Representation And Recognition In Vision written by Shimon Edelman and has been published by MIT Press this book supported file pdf, txt, epub, kindle and other format this book has been release on 1999 with Computers categories.


Shimon Edelman bases a comprehensive approach to visual representation on the notion of correspondence between proximal (internal) and distal similarities in objects. Researchers have long sought to understand what the brain does when we see an object, what two people have in common when they see the same object, and what a "seeing" machine would need to have in common with a human visual system. Recent neurobiological and computational advances in the study of vision have now brought us close to answering these and other questions about representation. In Representation and Recognition in Vision, Shimon Edelman bases a comprehensive approach to visual representation on the notion of correspondence between proximal (internal) and distal similarities in objects. This leads to a computationally feasible and formally veridical representation of distal objects that addresses the needs of shape categorization and can be used to derive models of perceived similarity.
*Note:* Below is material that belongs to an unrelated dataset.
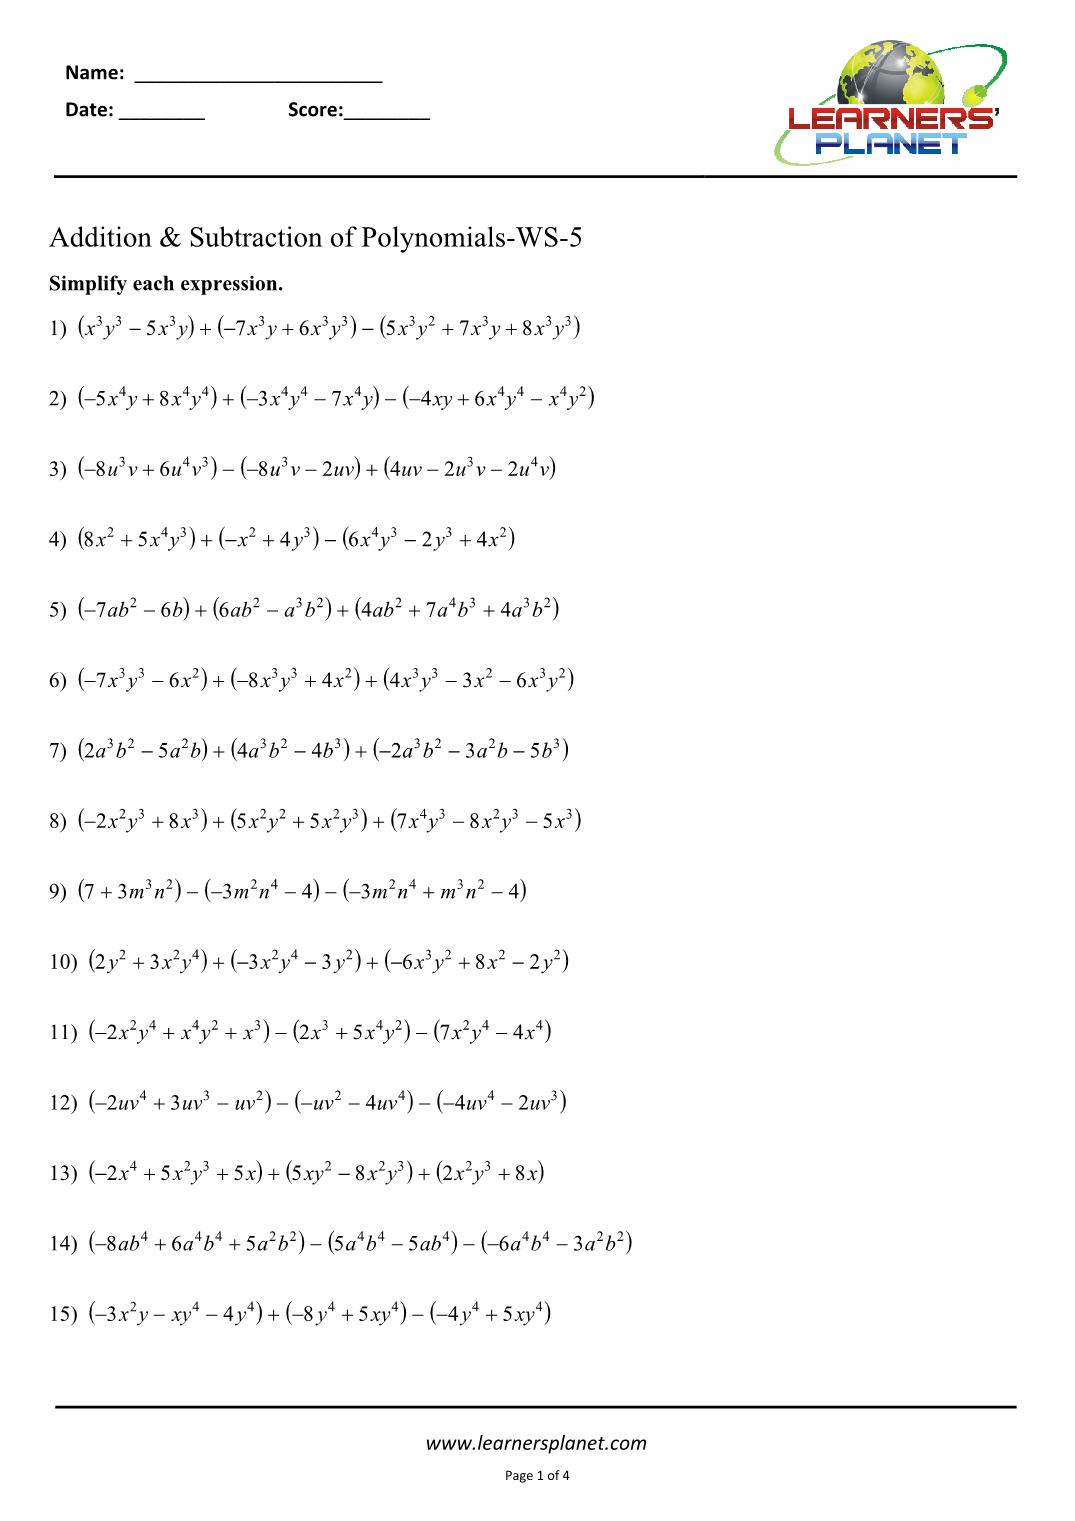 Adding and subtracting polynomials worksheets with answers With Regard To Adding And Subtracting Polynomials Worksheet

Edelman first discusses the representational needs of various visual recognition tasks, and surveys current theories of representation in this context. He then develops a theory of representation that is related to Shepard's notion of second-order isomorphism between representations and their targets. Edelman goes beyond Shepard by specifying the conditions under which the representations can be made formally veridical. Edelman assesses his theory's performance in identification and categorization of 3D shapes and examines it in light of psychological and neurobiological data concerning the object-processing stream in primate vision. He also discusses the connections between his theory and other efforts to understand representation in the brain.